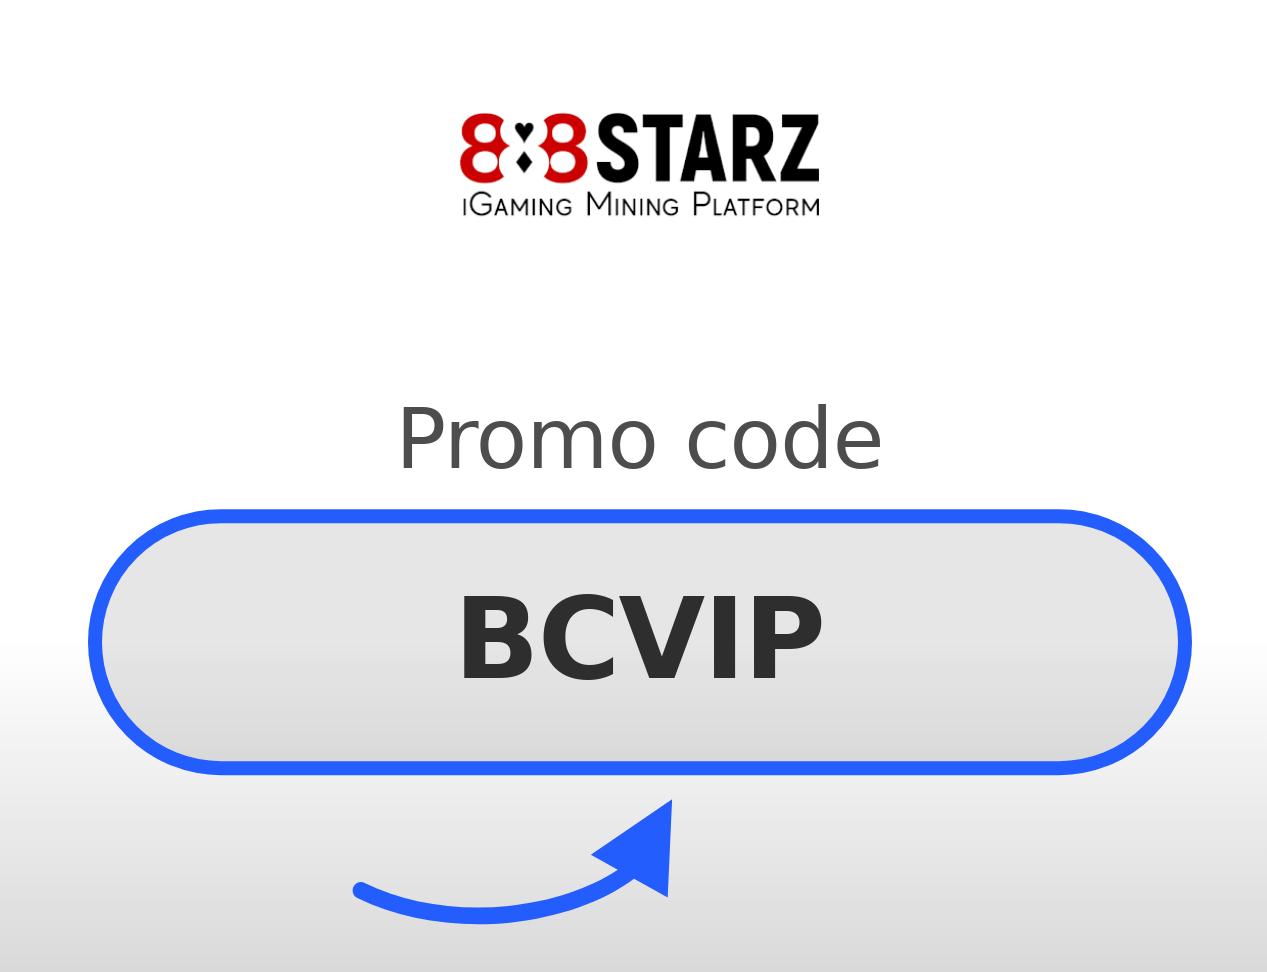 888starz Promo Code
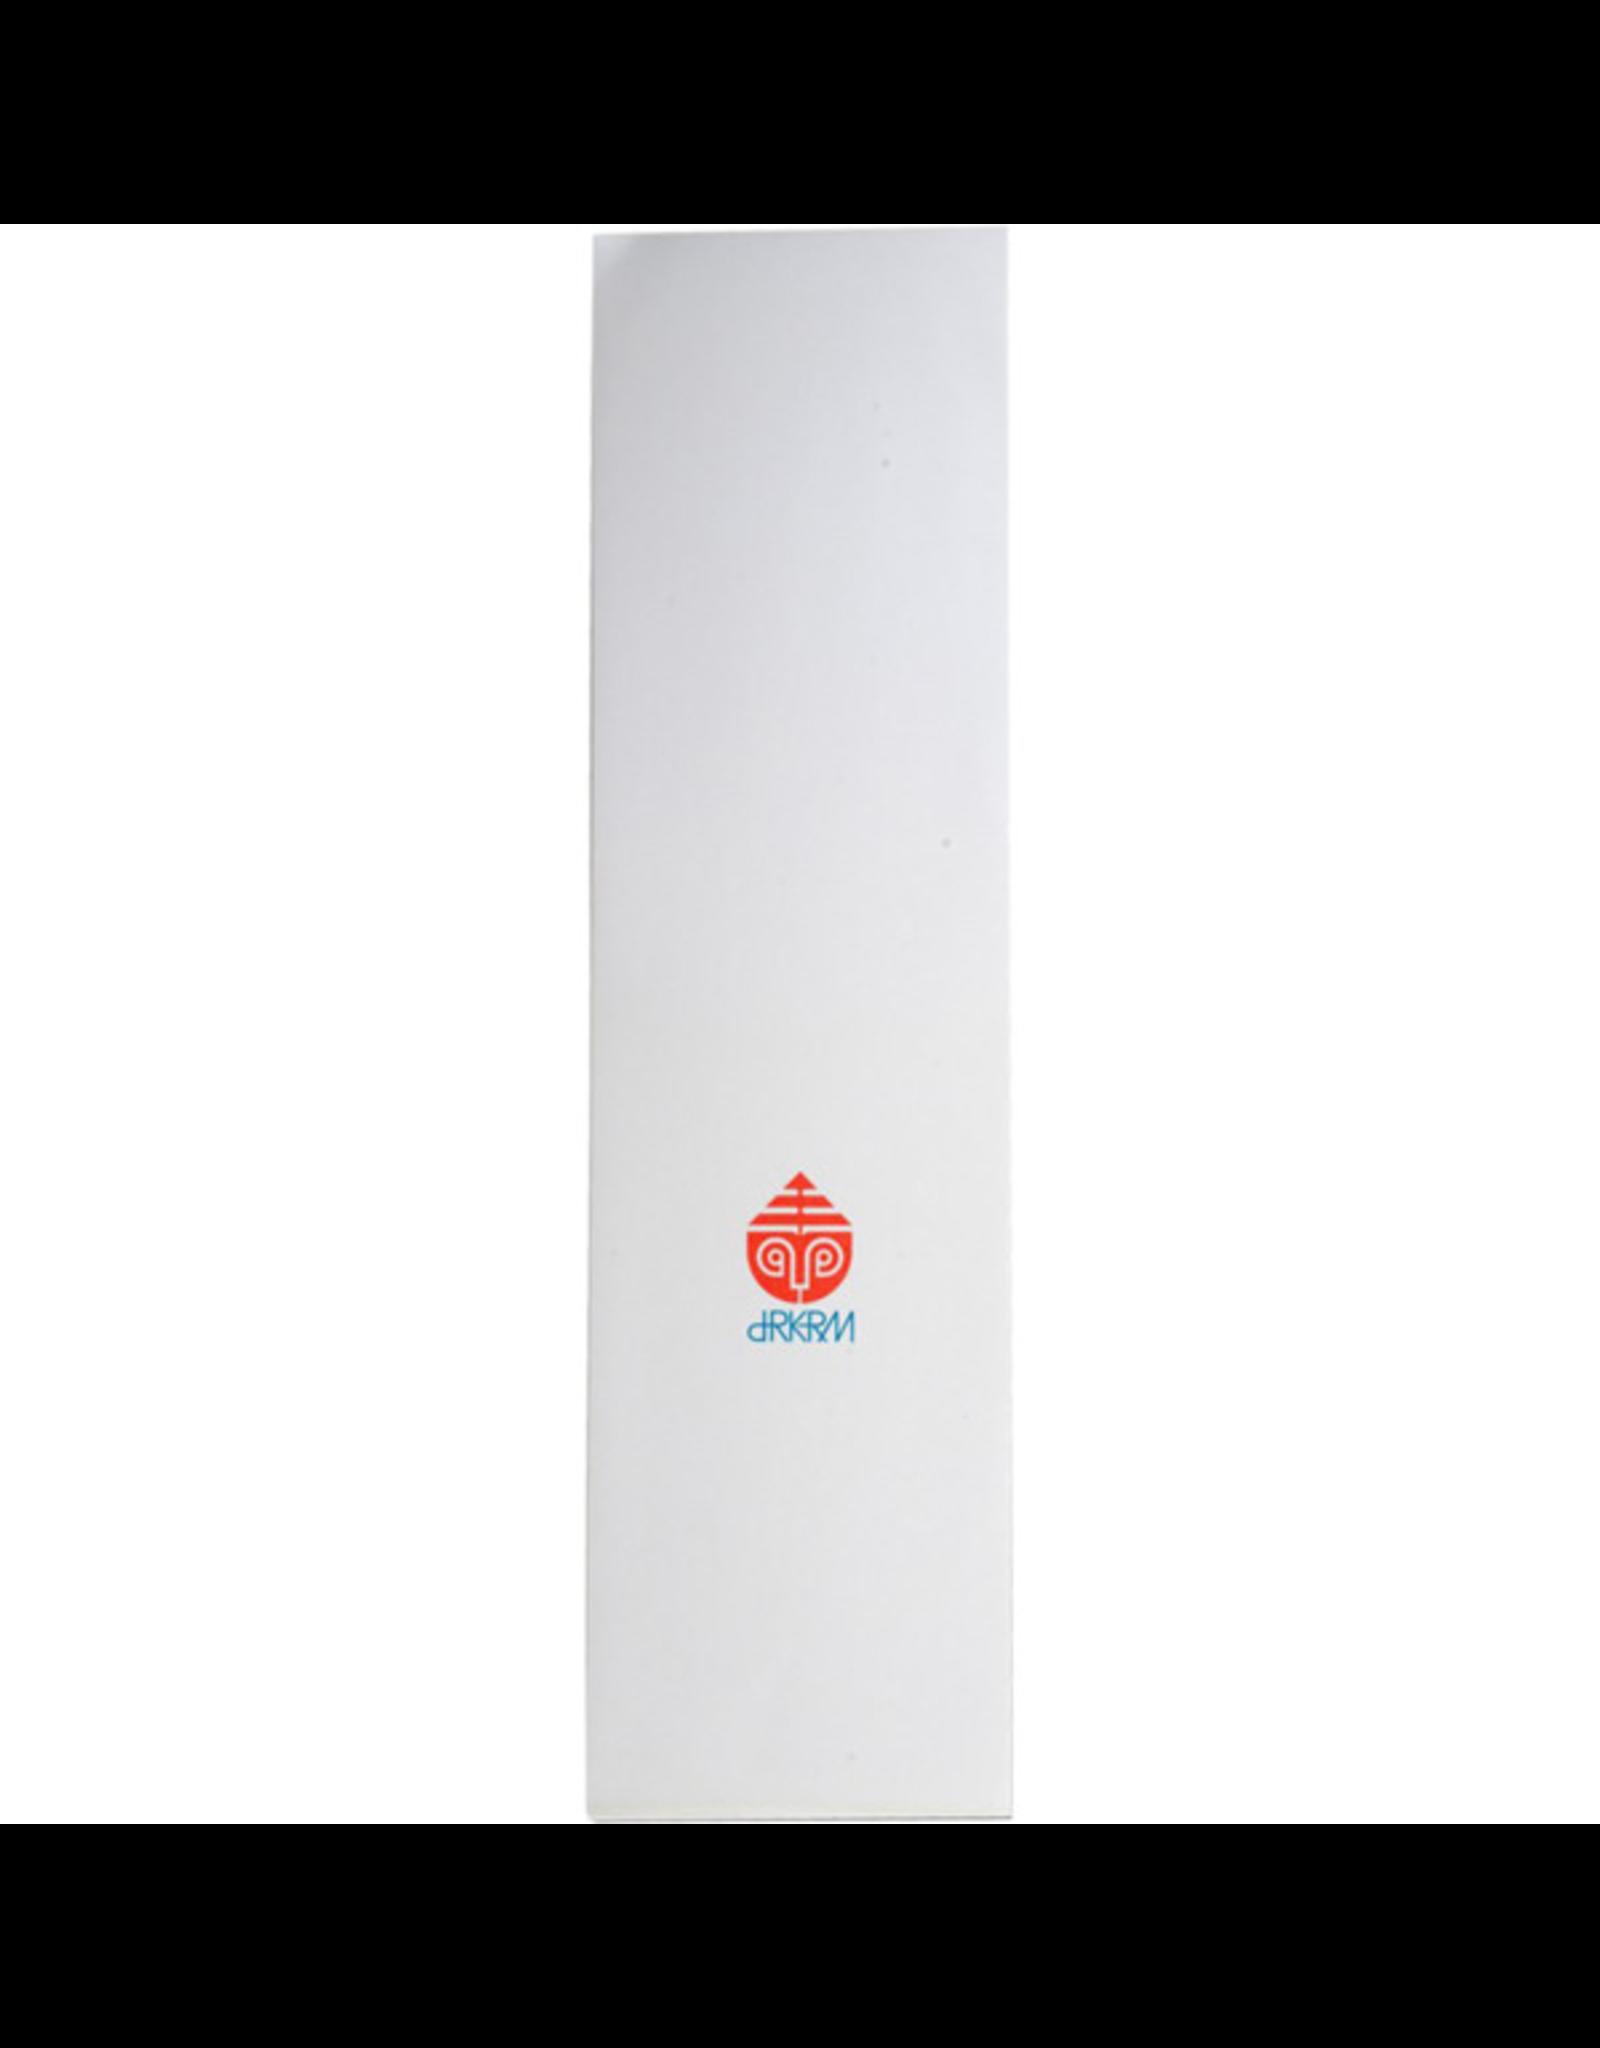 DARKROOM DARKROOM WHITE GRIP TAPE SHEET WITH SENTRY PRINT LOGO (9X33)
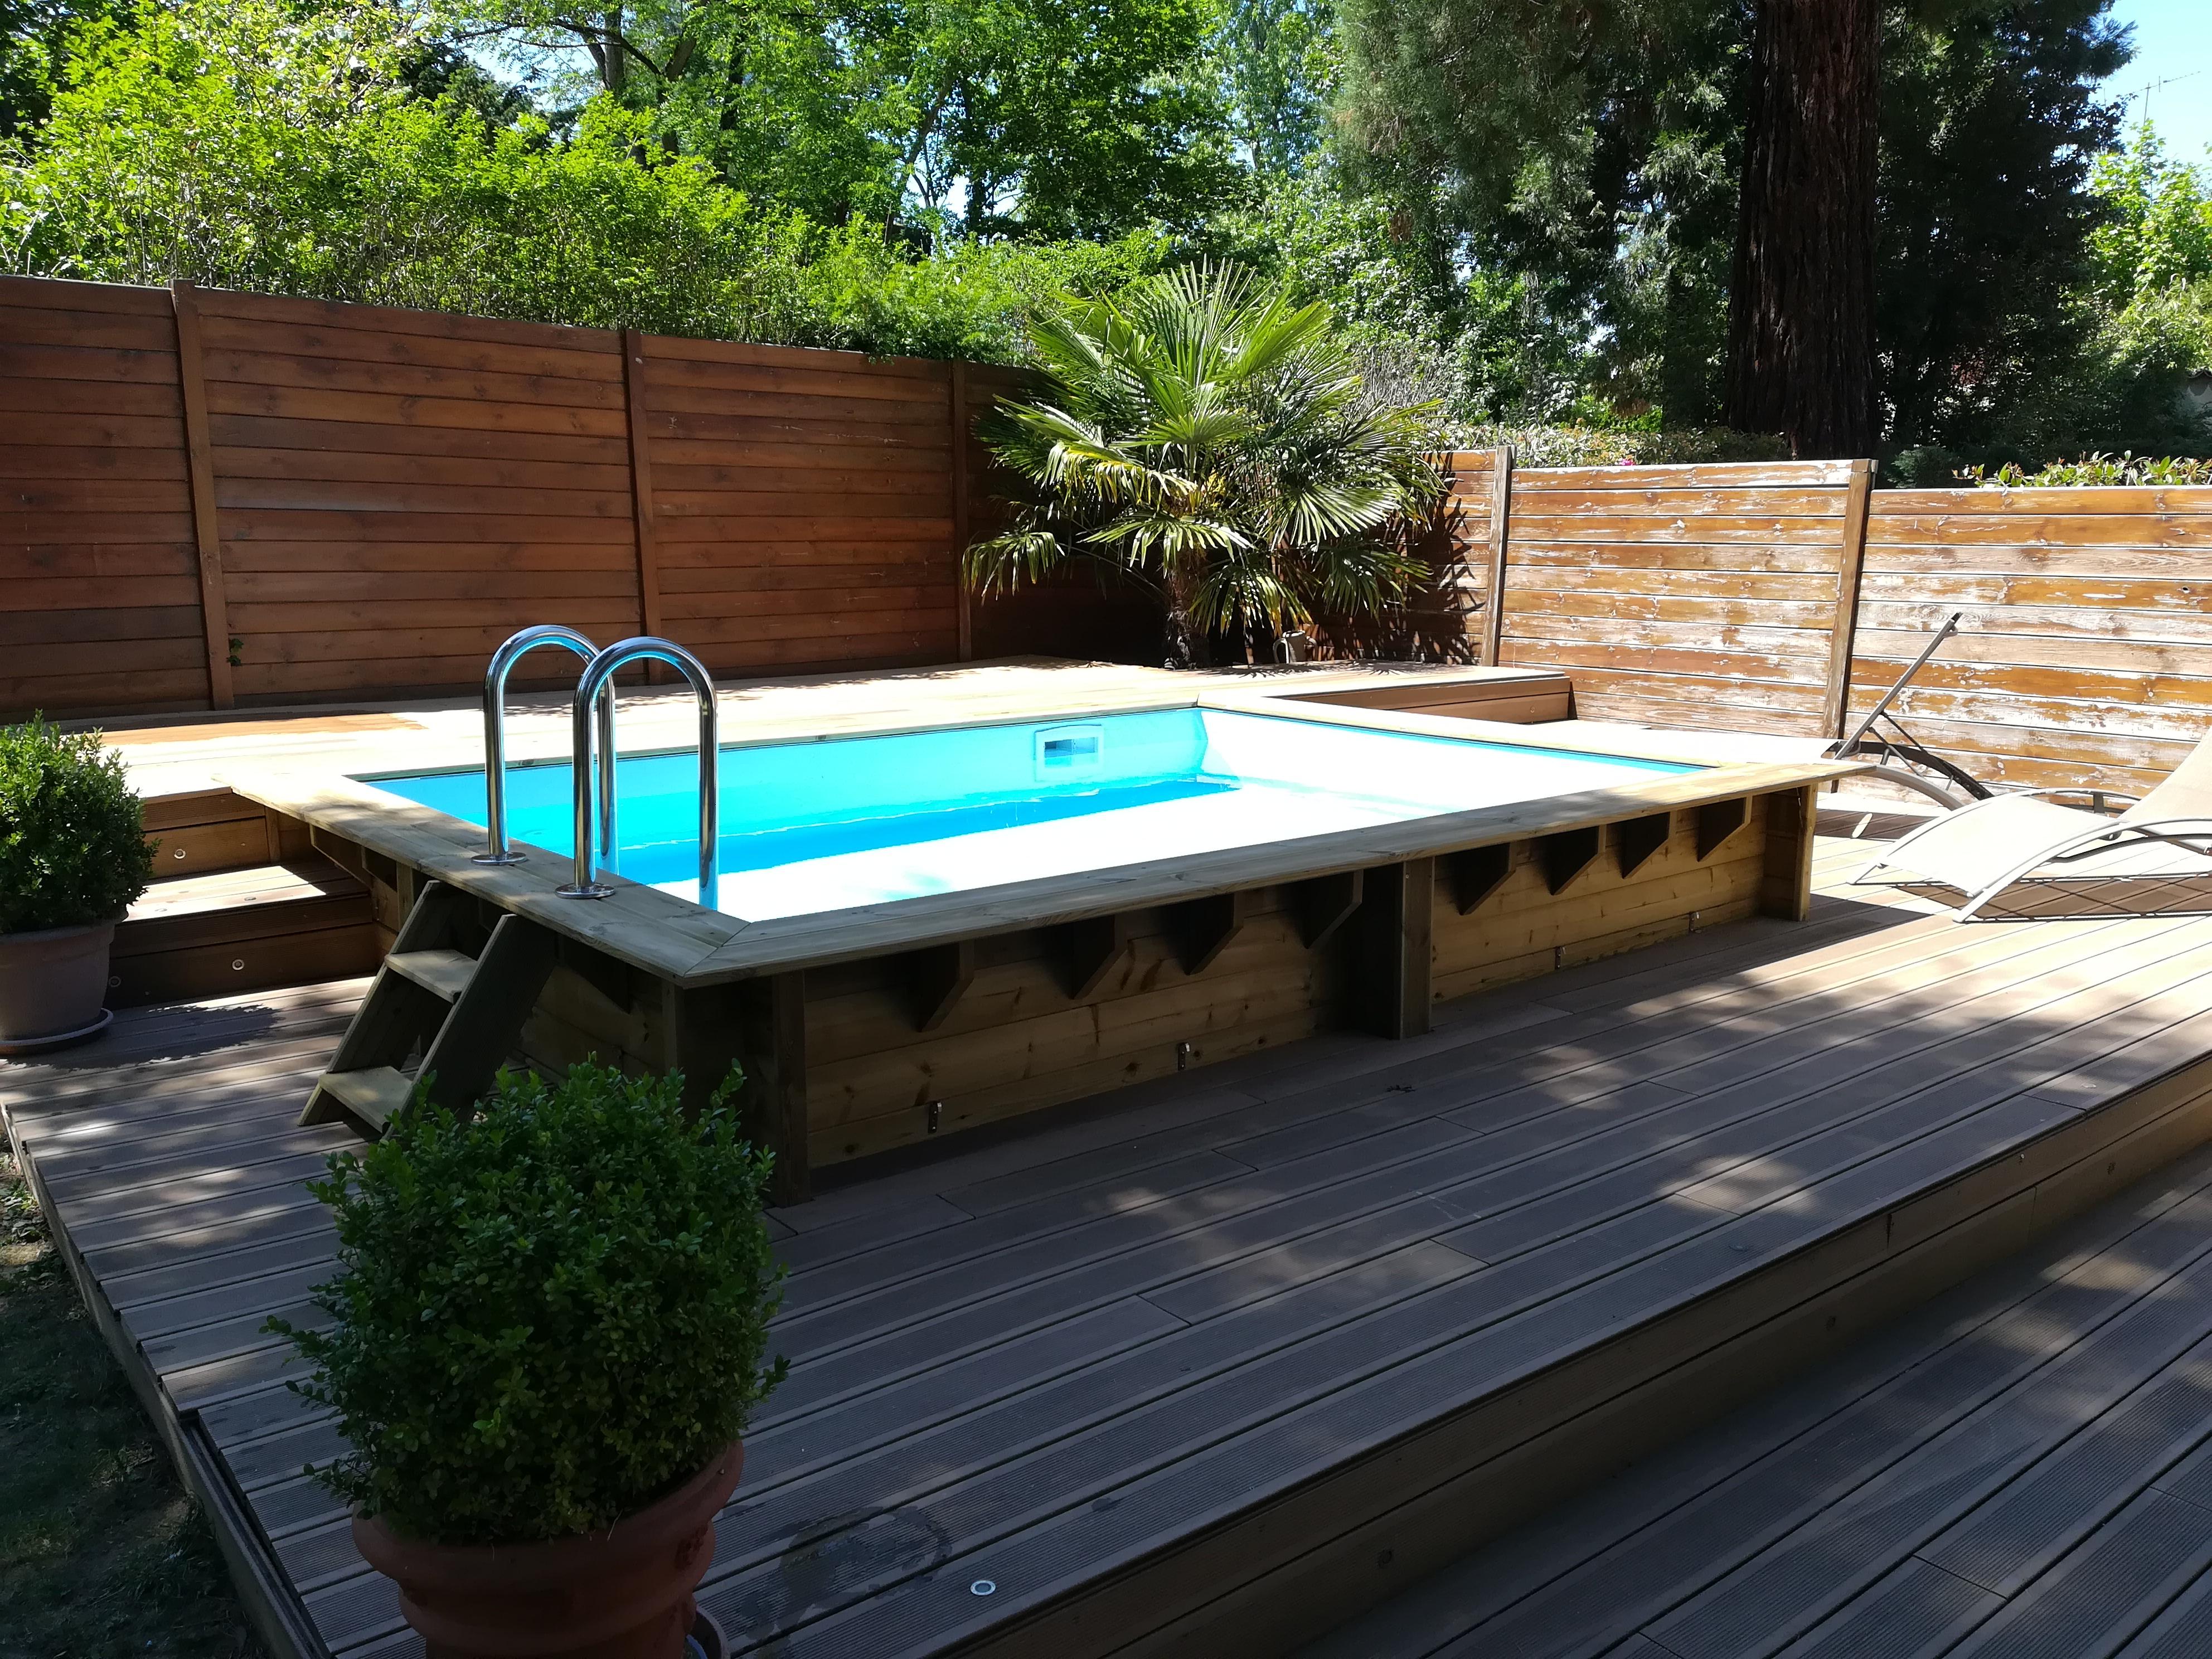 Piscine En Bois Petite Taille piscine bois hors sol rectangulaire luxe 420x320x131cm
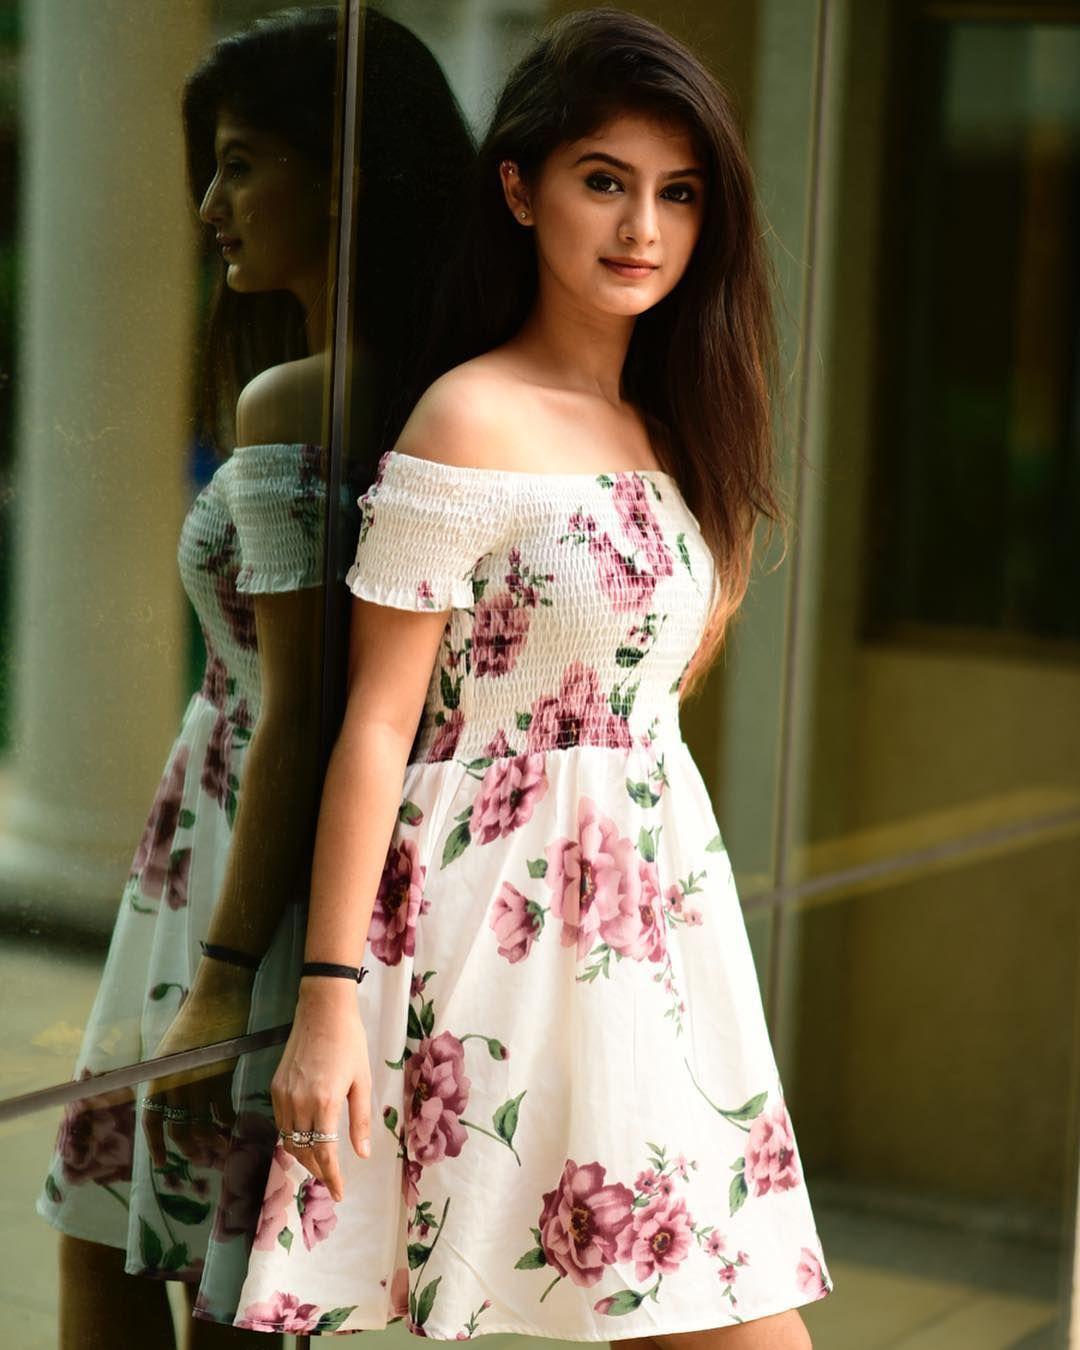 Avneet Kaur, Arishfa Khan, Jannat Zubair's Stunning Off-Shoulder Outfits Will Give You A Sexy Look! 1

- _WHAT IS NEEDED_: Only the lines from the line holding "DARKROOM DARKROOM WHITE" through the last line above belong in the answer, repeated exactly; the pictures do not.

- _TASK SOLUTION_:
 DARKROOM DARKROOM WHITE GRIP TAPE SHEET WITH SENTRY PRINT LOGO (9X33)
 Piscine En Bois Petite Taille piscine bois hors sol rectangulaire luxe 420x320x131cm
 Avneet Kaur, Arishfa Khan, Jannat Zubair's Stunning Off-Shoulder Outfits Will Give You A Sexy Look! 1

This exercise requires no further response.